The other face of mental illness
July 19, 2019
Sacred Heart Girls’ receive First Holy Communion
July 19, 2019

The measure of a man ‘off the streets’

Street dwellers often seek help from the church. Merlin Boyce of Word and Deed prayer group shares their experience of Mervyn Vincent.

Former San Fernando street dweller, Mervyn Vincent was a daily visitor to Our Lady of Perpetual Help (OLPH) RC Church, Harris Promenade, San Fernando. He was among those whose photographs appeared in OLPH’s 225th Commemorative Magazine published in 2012.

Parishioners admired his reverent and devout manner in church.
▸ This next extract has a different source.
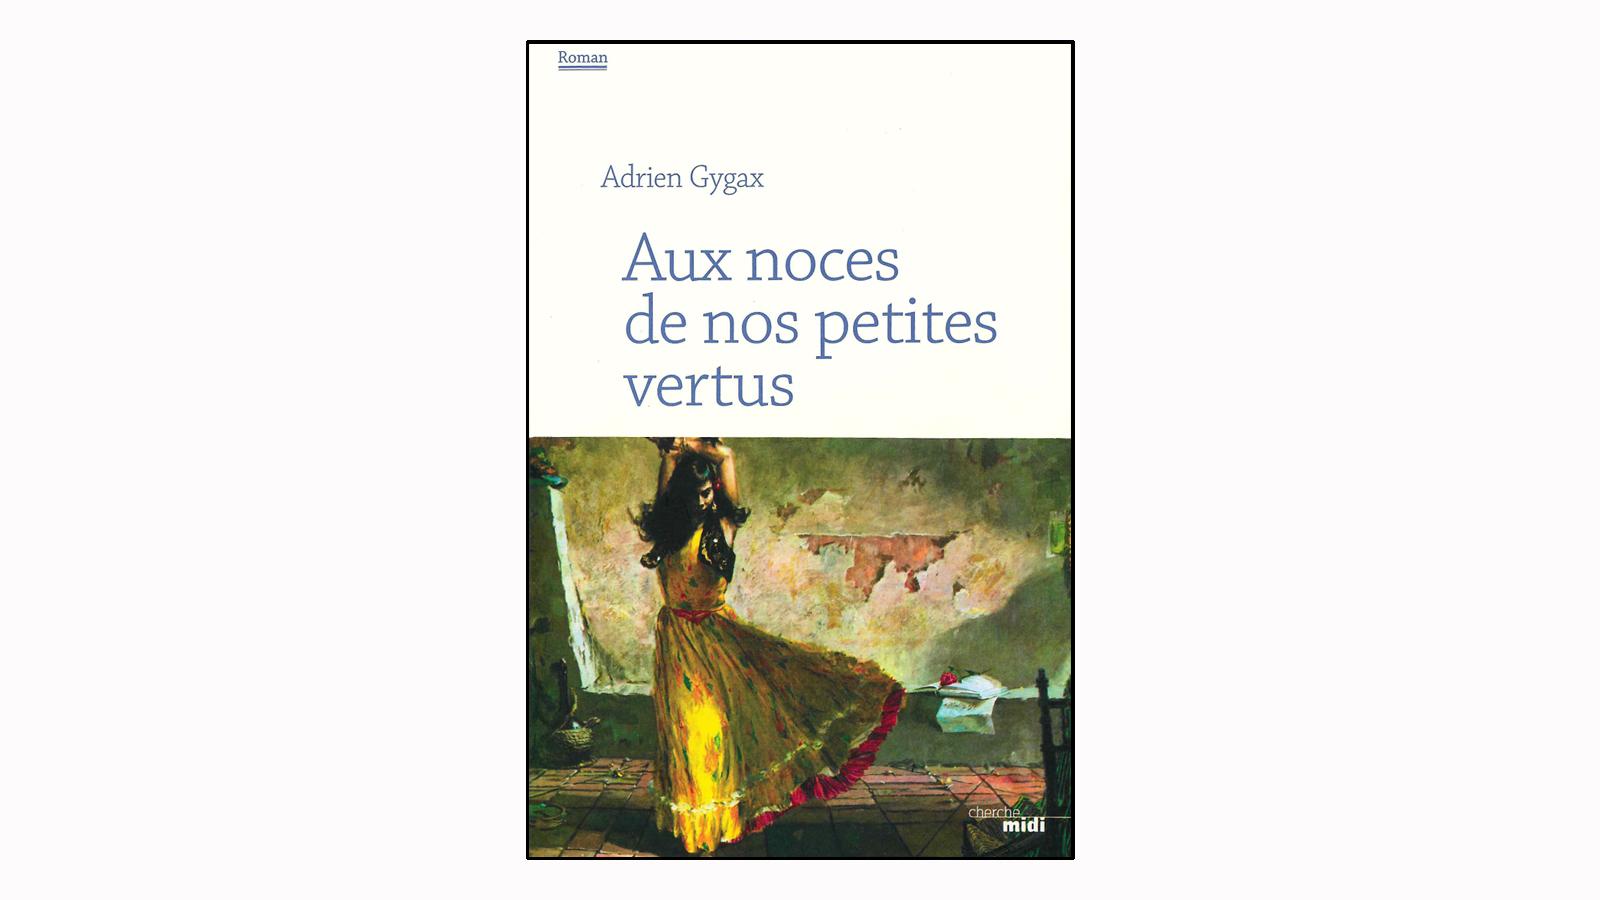 La couverture du livre "Aux noces de nos petites vertus" d'Adrien Gygax. [Cherche midi]

On every visit, he made it a point of going all the way to the front to give an offering from “his pittance” as he so described the money that he received from the State.

He grew particularly fond of our then parish priest Msgr Christian Pereira and our sacristan Selwyn Toney. He often brought breakfast for them.
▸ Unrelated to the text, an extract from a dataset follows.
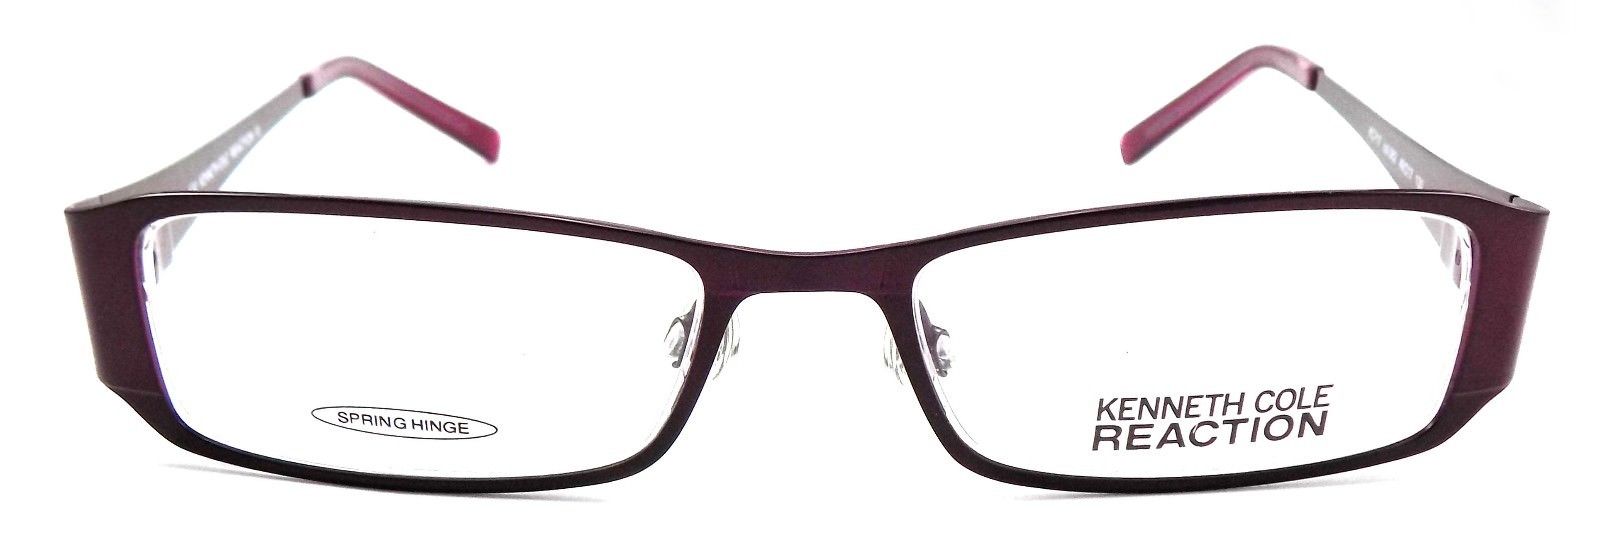 2-Kenneth Cole REACTION KC0717 082 Women's Eyeglasses 49-17-130 Violet + Case-726773164588-IKSpecs

On his birthday one year, Msgr Christian reciprocated and invited Mervyn for breakfast at the presbytery. His offer of a small “payment” afterwards to Monsignor is an indication of the measure of the man who maintained his pride and dignity, once he took his medication for his illness.

His usual greeting and blessing to those whom he encountered was “a word of prayer”. He seldom asked anyone for money and if he did so more often than not, it was to deepen a bond between them. He usually added that he did not want it now, he was going to collect it later. However, that seldom happened.

On the odd occasion that he accepted money from well-wishers, he did not take it in his hand but often opened his pocket for the money to be placed in it.

He spoke often of his days of working at Sa Gomes in Port of Spain. We heard a lot also about when he worked in Bermuda. He seemed to have been an electronic technician.

At times we heard him speaking of his constitutional rights as well as current events. He certainly had an impact on our lives at OLPH and on the western part of Harris Promenade, where he made his home near our offices.

He took pride in his appearance. He had his baths daily near the San Fernando Wharf. Almost every week he had a new outfit proudly naming the well-known store that he shopped at!

A few years ago, his behaviour became erratic due to a lack of medication, according to him. His appearance was not the same and we were very concerned that he was not himself.

Then he went missing for a while. Everyone wondered what had become of him and feared the worst. Enquiries were made and it was with great relief we received news that he is a resident of the Couva Extended Care Centre, which is under the remit of the South-West Regional Authority. This is an institution that provides care for mental health patients.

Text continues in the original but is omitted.